- Collected material
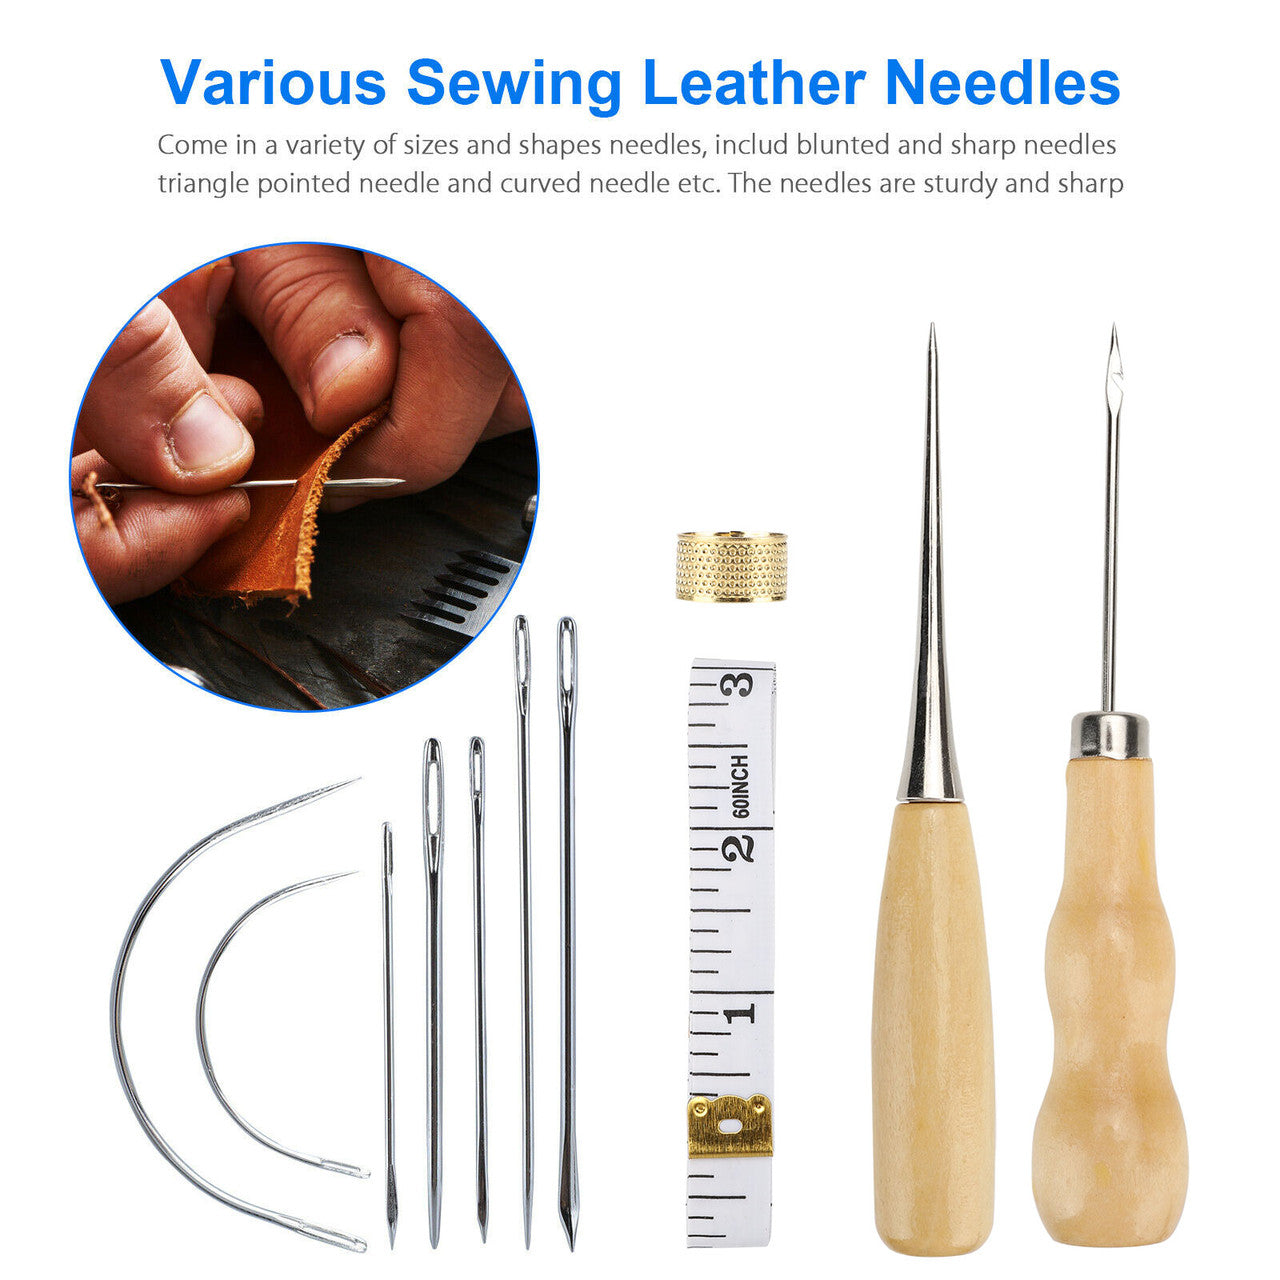 Leather Craft Tools, DIY Stitching Sewing Hand Tool, Upholstery Repair Kit with 7 Needles, 3 Color Threads, Drilling Awl for Stitching Punching Cutting Sewing Leather Craft Making, 24Pcs
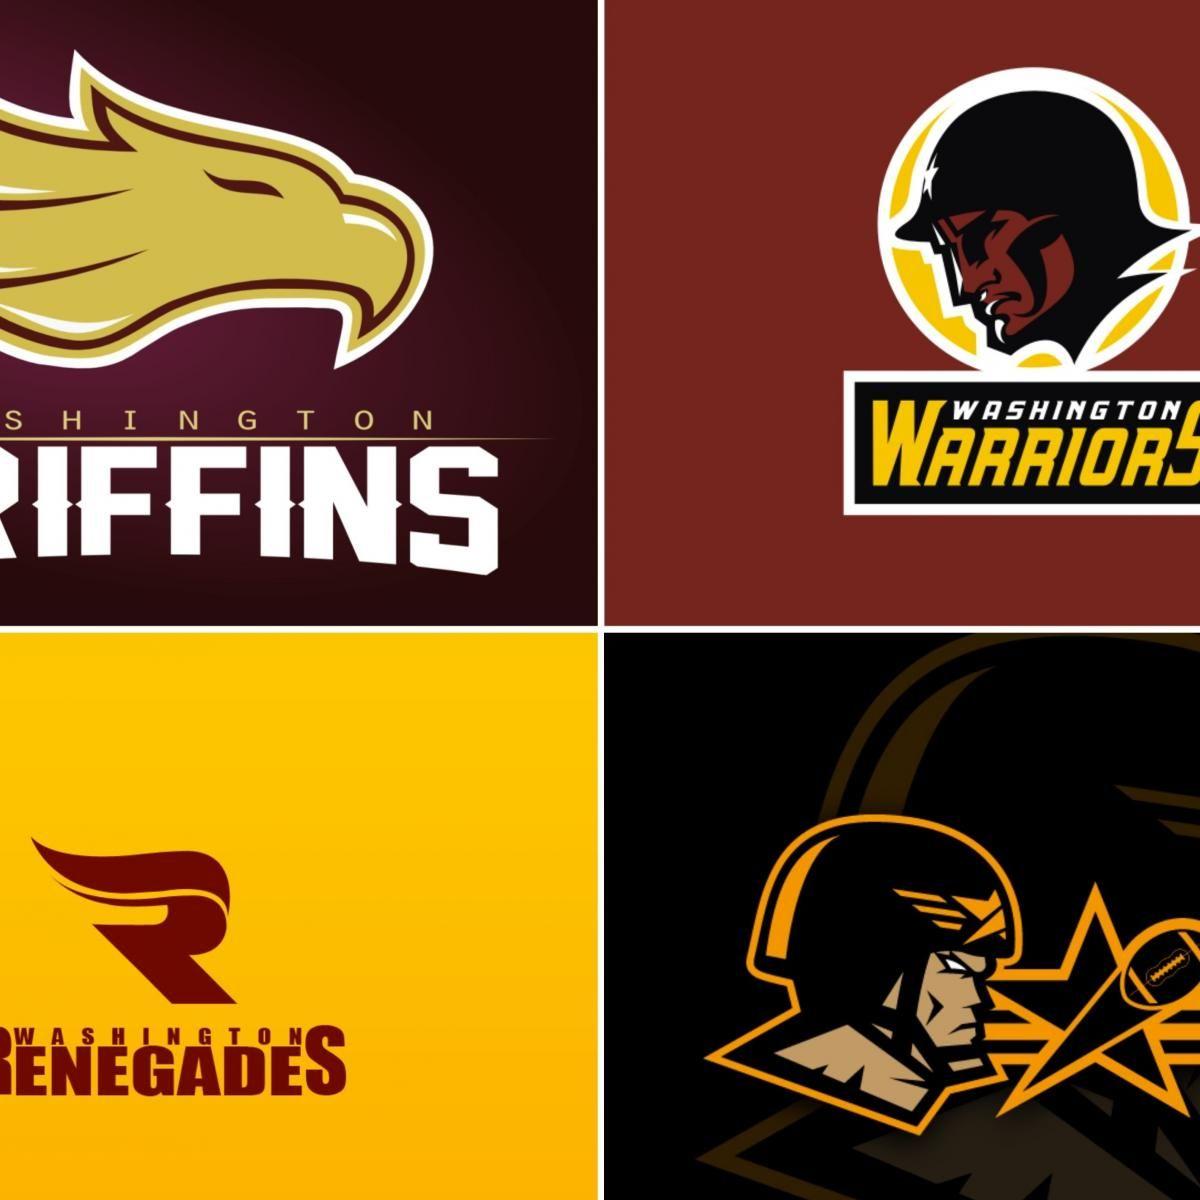 Redskins W Logo - Artists Come Up with New Names and Creative Logos for Washington
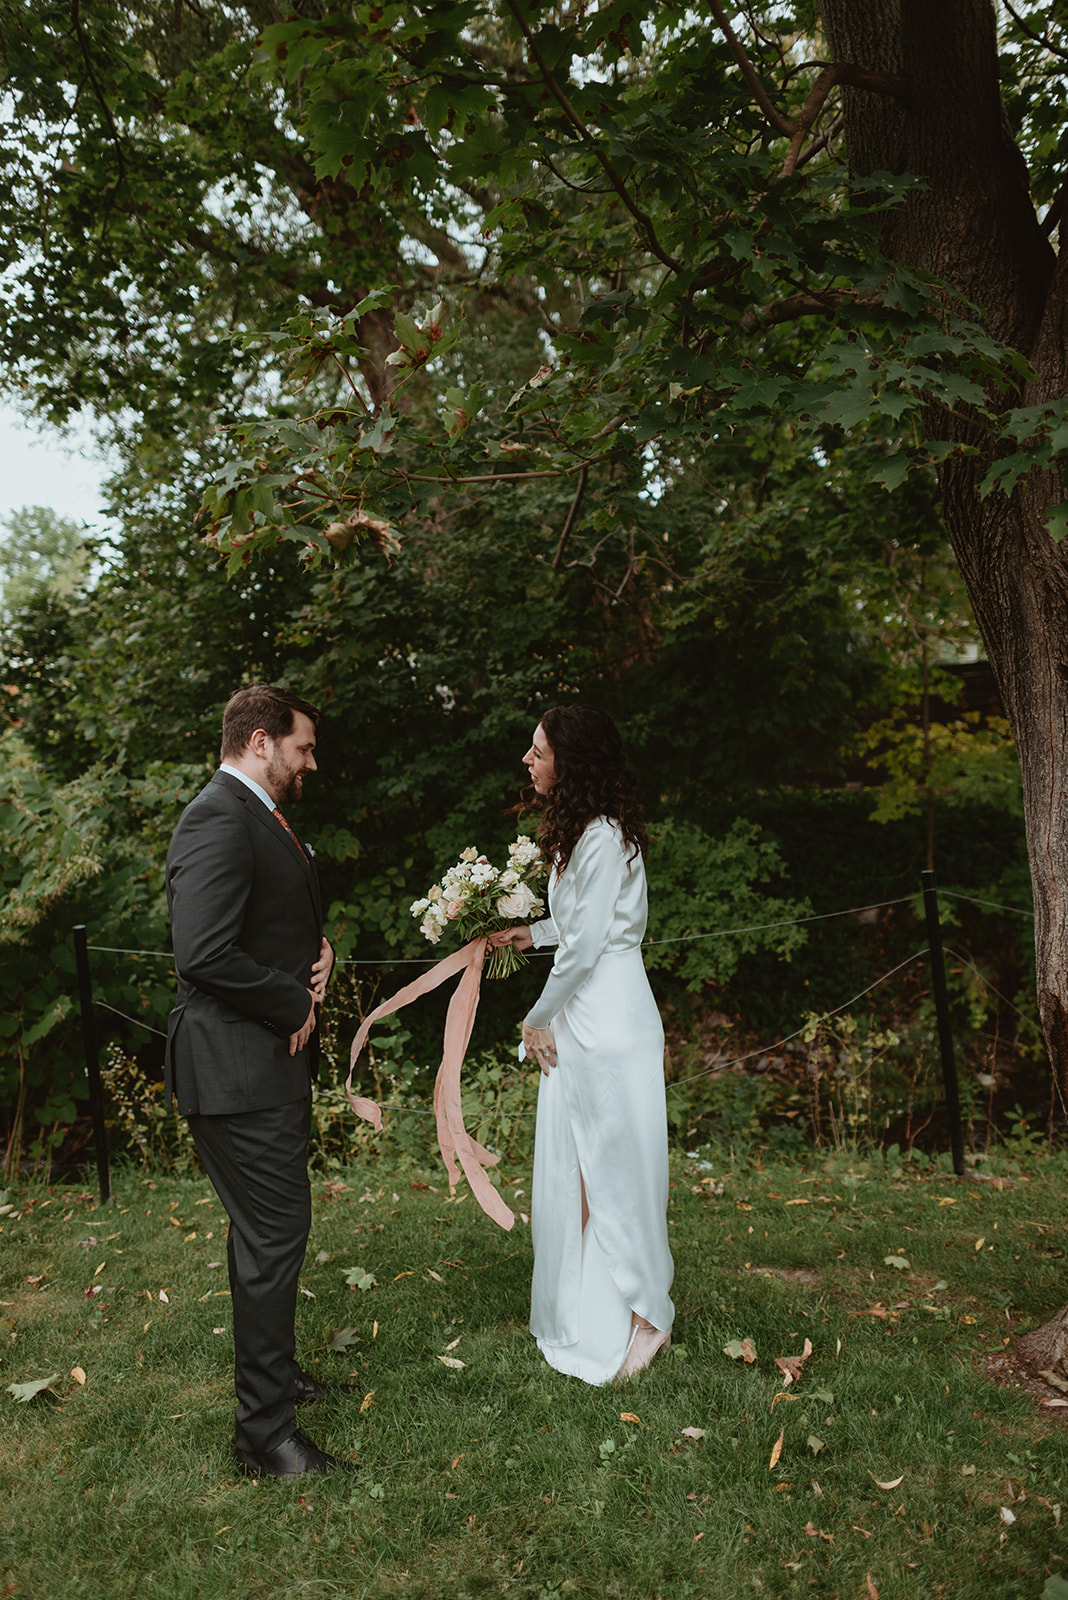 Fun bride and groom first look under the trees for an intimate fall wedding.
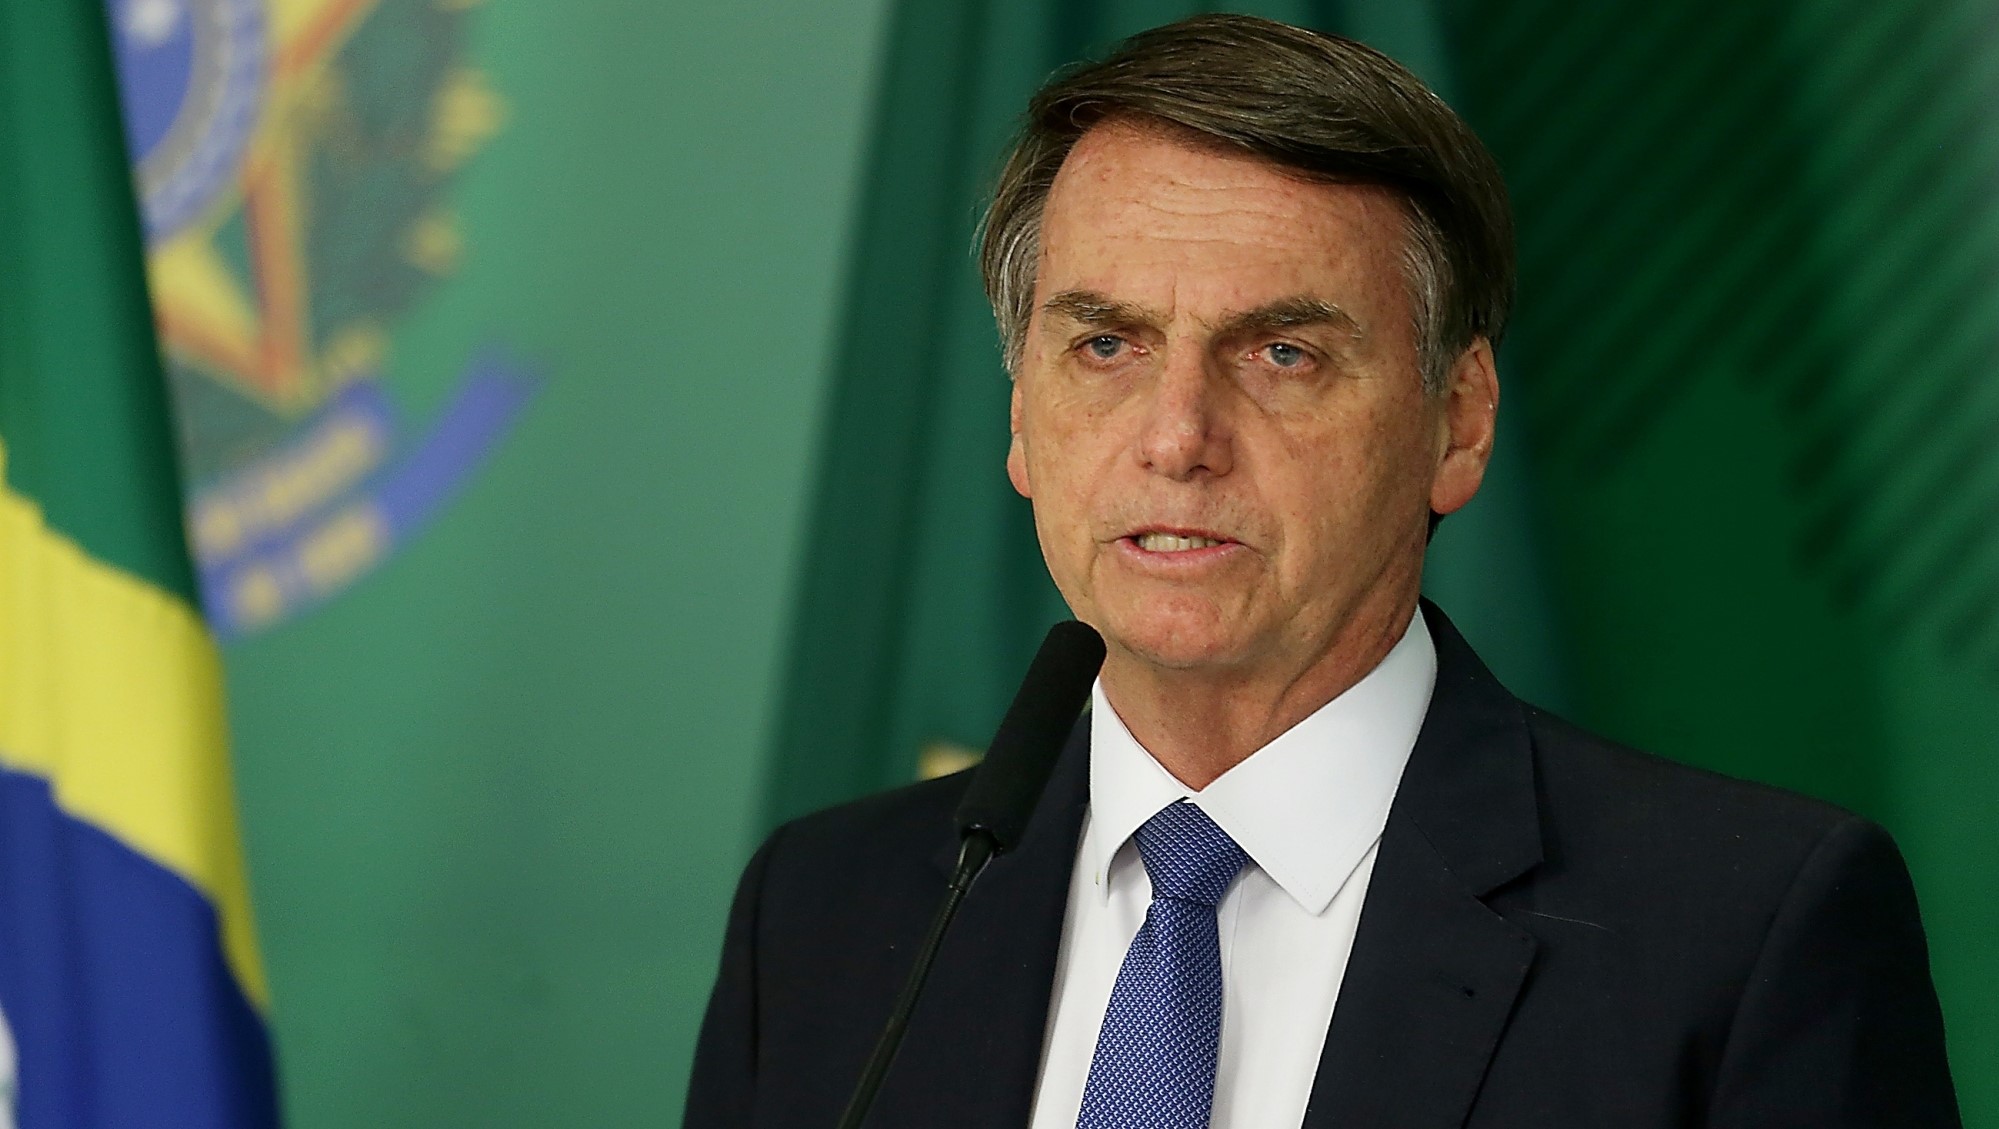 Brazil's Bolsonaro to have surgery after returning from United States -doctor

- What is being asked
Please produce an exact copy of all the material, leaving out the pictures.

- Answer box
 Leather Craft Tools, DIY Stitching Sewing Hand Tool, Upholstery Repair Kit with 7 Needles, 3 Color Threads, Drilling Awl for Stitching Punching Cutting Sewing Leather Craft Making, 24Pcs
 Redskins W Logo - Artists Come Up with New Names and Creative Logos for Washington
 Fun bride and groom first look under the trees for an intimate fall wedding.
 Brazil's Bolsonaro to have surgery after returning from United States -doctor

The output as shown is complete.